[Records contained in a dataset]
Segment Open
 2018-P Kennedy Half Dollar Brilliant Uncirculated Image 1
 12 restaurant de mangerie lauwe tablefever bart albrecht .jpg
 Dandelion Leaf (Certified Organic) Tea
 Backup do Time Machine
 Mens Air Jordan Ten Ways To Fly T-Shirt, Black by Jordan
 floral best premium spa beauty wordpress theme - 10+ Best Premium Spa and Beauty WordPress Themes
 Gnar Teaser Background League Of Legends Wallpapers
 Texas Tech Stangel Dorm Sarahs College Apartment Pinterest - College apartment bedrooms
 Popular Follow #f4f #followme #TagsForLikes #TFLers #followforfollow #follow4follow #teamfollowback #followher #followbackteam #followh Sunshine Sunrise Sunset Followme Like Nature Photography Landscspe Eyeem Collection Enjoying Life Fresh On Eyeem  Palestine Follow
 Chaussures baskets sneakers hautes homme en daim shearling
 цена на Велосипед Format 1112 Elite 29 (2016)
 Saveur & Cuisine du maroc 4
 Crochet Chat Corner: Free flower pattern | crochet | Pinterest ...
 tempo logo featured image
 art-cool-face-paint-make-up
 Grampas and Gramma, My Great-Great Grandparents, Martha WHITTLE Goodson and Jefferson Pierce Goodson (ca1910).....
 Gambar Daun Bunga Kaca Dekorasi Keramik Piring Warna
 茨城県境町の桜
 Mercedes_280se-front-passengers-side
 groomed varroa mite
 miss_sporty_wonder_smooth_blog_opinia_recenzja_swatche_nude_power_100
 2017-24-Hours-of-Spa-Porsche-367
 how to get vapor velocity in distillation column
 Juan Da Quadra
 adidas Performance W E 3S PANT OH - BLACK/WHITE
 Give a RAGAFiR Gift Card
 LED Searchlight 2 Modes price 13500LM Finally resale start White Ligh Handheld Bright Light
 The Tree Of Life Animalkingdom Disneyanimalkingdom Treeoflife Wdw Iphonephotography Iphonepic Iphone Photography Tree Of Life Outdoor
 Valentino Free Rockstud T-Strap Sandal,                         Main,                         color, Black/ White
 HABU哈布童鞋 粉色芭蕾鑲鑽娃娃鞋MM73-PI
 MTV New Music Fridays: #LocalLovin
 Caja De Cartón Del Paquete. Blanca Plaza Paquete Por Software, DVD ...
Segment Closed
- _Exercise objective_: What are the lines, exactly as written above, from the line with "Give a RAGAFiR Gift Card" to the line with "HABU哈布童鞋 粉色芭蕾鑲鑽娃娃鞋MM73-PI", both included? Output only those.

- _Exercise answer_:
 Give a RAGAFiR Gift Card
 LED Searchlight 2 Modes price 13500LM Finally resale start White Ligh Handheld Bright Light
 The Tree Of Life Animalkingdom Disneyanimalkingdom Treeoflife Wdw Iphonephotography Iphonepic Iphone Photography Tree Of Life Outdoor
 Valentino Free Rockstud T-Strap Sandal,                         Main,                         color, Black/ White
 HABU哈布童鞋 粉色芭蕾鑲鑽娃娃鞋MM73-PI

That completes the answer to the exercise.